While doing a simple “select count(*) from wiki_stage”, I noticed that it took far to long as I would have expected, and killed the session after a few hours.

12:26:24 SQL> select count(*) from wiki_stage;
select count(*) from wiki_stage
                     *
ERROR at line 1:
ORA-00600: internal error code, arguments: [%s], [%s], [%s], [%s], [%s], [%s],
[%s], [%s]
.

I tried to figure out what was going on so I did an explain plan:

15:47:55 SQL> explain plan for
15:48:24   2  select count(*) from wiki_stage;

Explained.

Elapsed: 00:00:00.02

15:48:31 SQL> SELECT * FROM TABLE(dbms_xplan.display('PLAN_TABLE',NULL,'ALL'));

PLAN_TABLE_OUTPUT
-------------------------------------------------------------------------
Plan hash value: 3207986117

-------------------------------------------------------------------------
| Id  | Operation          | Name       | Rows  | Cost (%CPU)| Time     |
-------------------------------------------------------------------------
|   0 | SELECT STATEMENT   |            |     1 |   275K  (1)| 00:55:03 |
|   1 |  SORT AGGREGATE    |            |     1 |            |          |
|   2 |   TABLE ACCESS FULL| WIKI_STAGE |  6921K|   275K  (1)| 00:55:03 |
-------------------------------------------------------------------------

Query Block Name / Object Alias (identified by operation id):

PLAN_TABLE_OUTPUT
-------------------------------------------------------------------------
   1 - SEL$1
   2 - SEL$1 / WIKI_STAGE@SEL$1

Column Projection Information (identified by operation id):
-----------------------------------------------------------

   1 - (#keys=0) COUNT(*)[22]

Note

PLAN_TABLE_OUTPUT
-------------------------------------------------------------------------
   - dynamic sampling used for this statement

24 rows selected.

Elapsed: 00:00:00.02
.

Hmmm, full table access.

That explains why it took so long.

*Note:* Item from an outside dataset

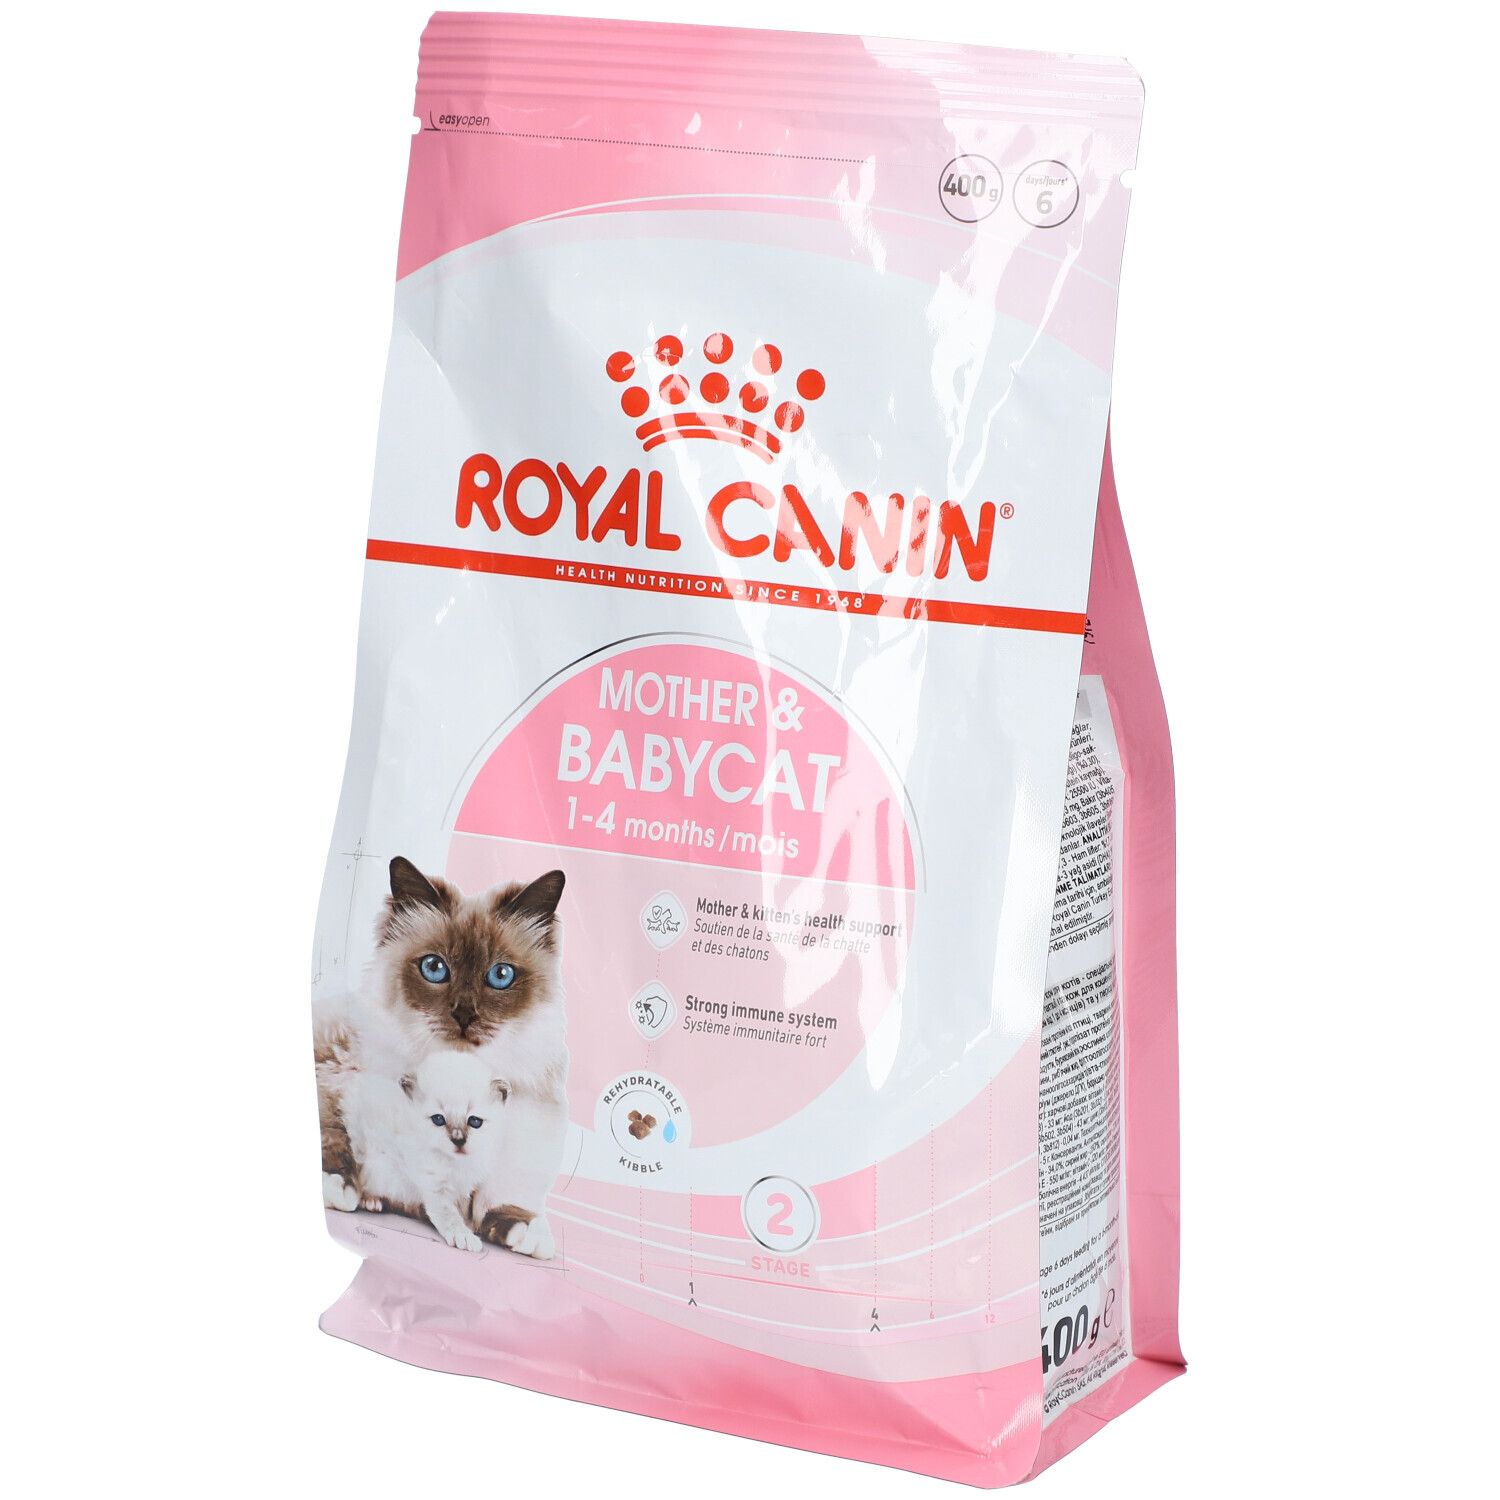 ROYAL CANIN Mother & Babycat pour chatte et chaton 400 g Aliment

But why is is doing a full table access in the first place, I thought?

There is a smarter way to do the count, so why doesn’t use the Cost Based Optimizer (CBO) the index available…

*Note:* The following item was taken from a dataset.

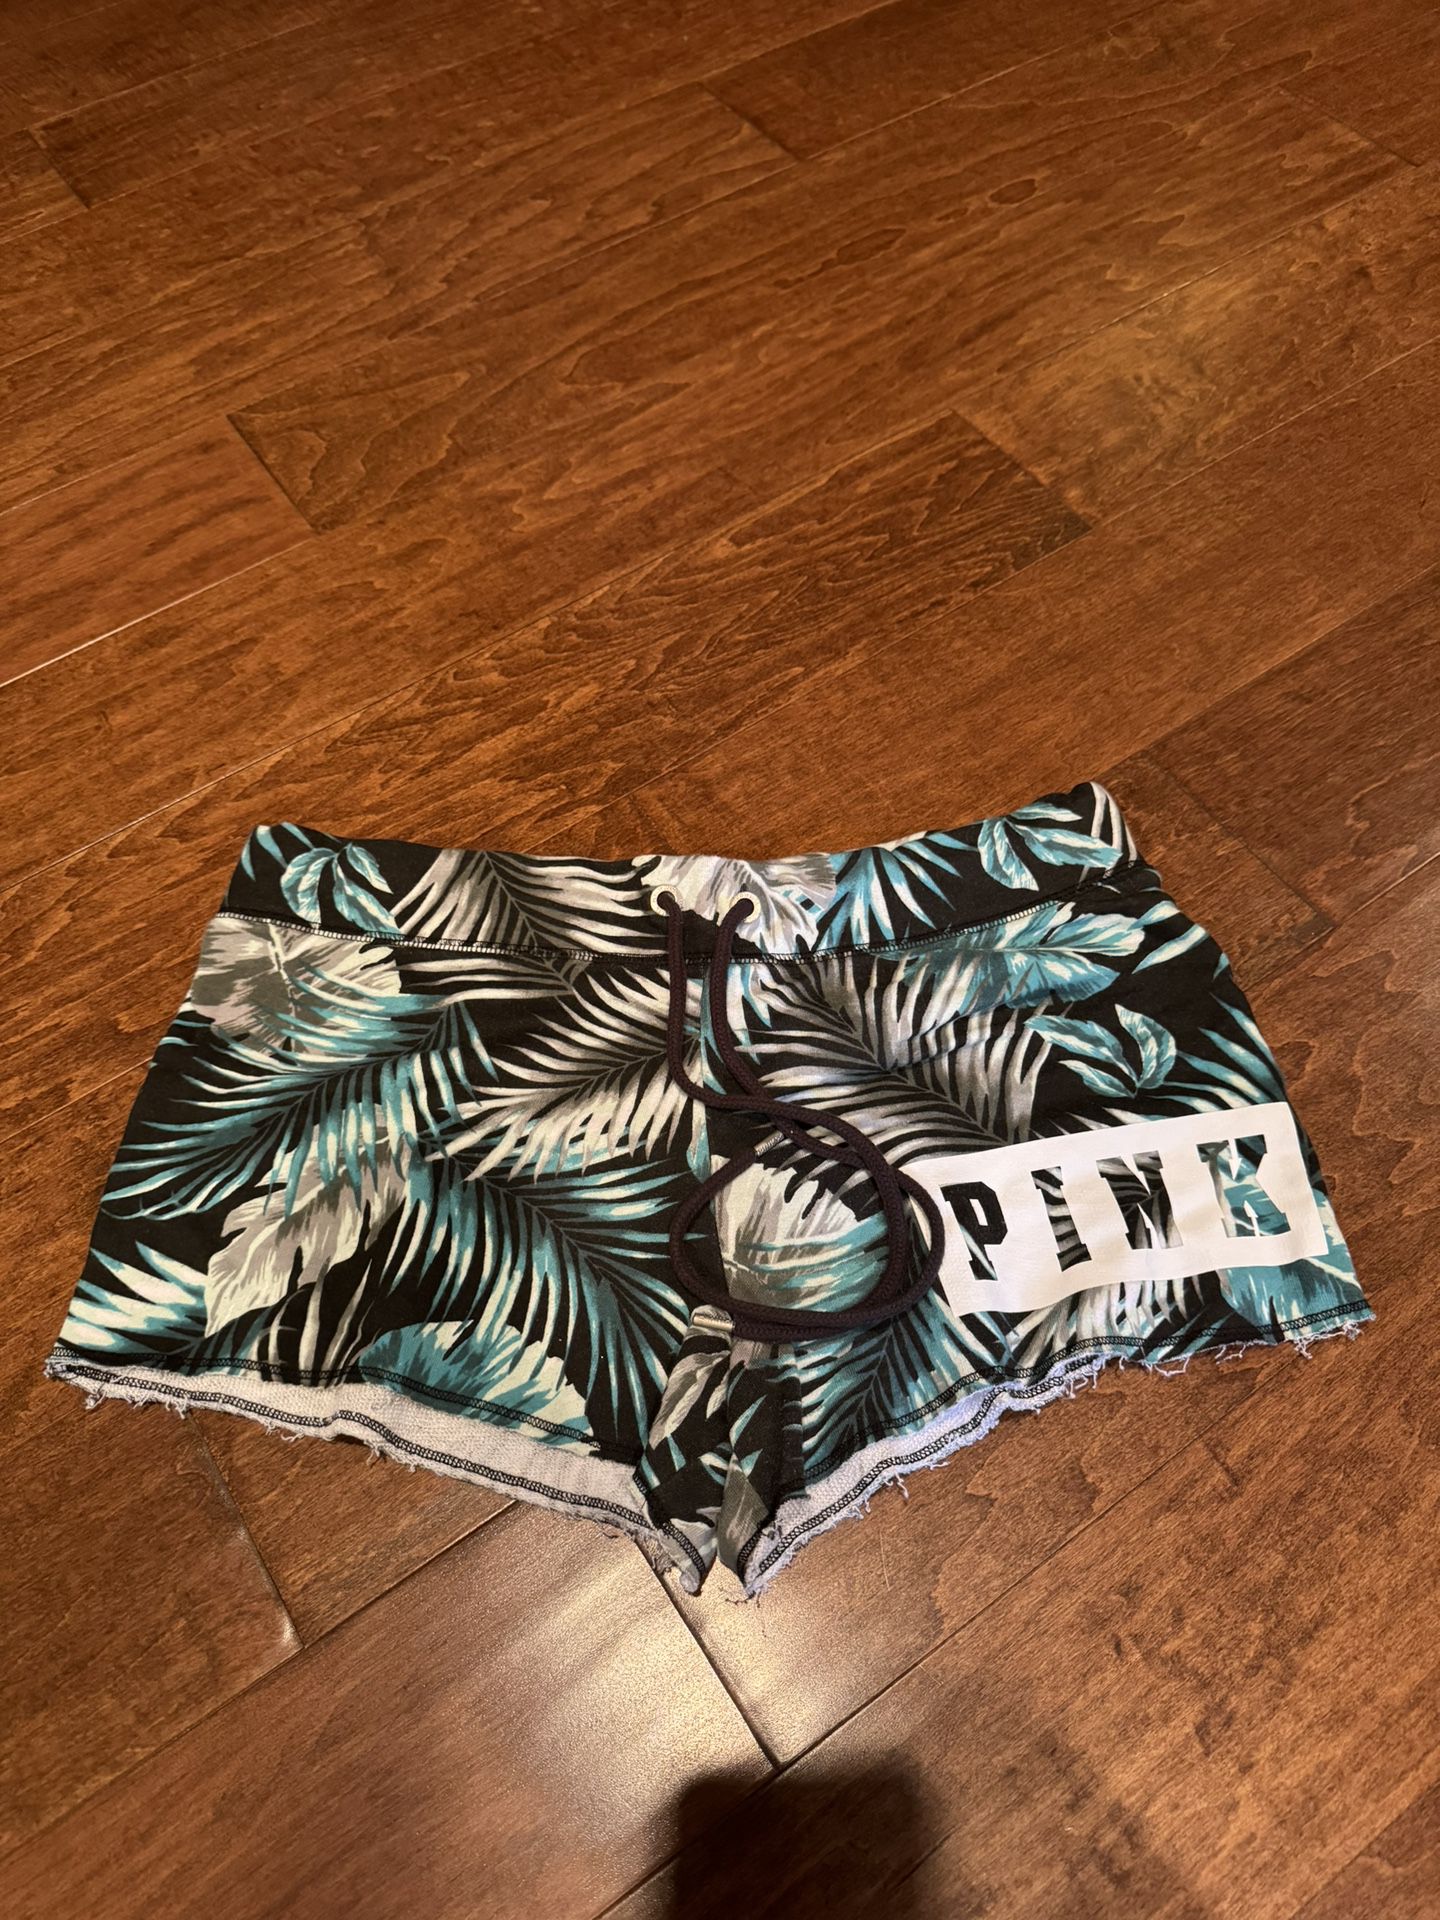 Woman’s Victoria’s Secret Pink Shorts, New Without Tags Shipping Available

The “WIKI_STAGE” table has a hidden OID column called SYS_NC_OID$ and on this column is a UNIQUE index called “SYS_C009650”. If the CBO would have used it the following would have happened:

15:14:43 SQL> select count(SYS_NC_OID$) from wiki_stage;

COUNT(SYS_NC_OID$)
------------------
           6996002

Elapsed: 00:03:05.32

-- to get more info I did a "set autotrace on"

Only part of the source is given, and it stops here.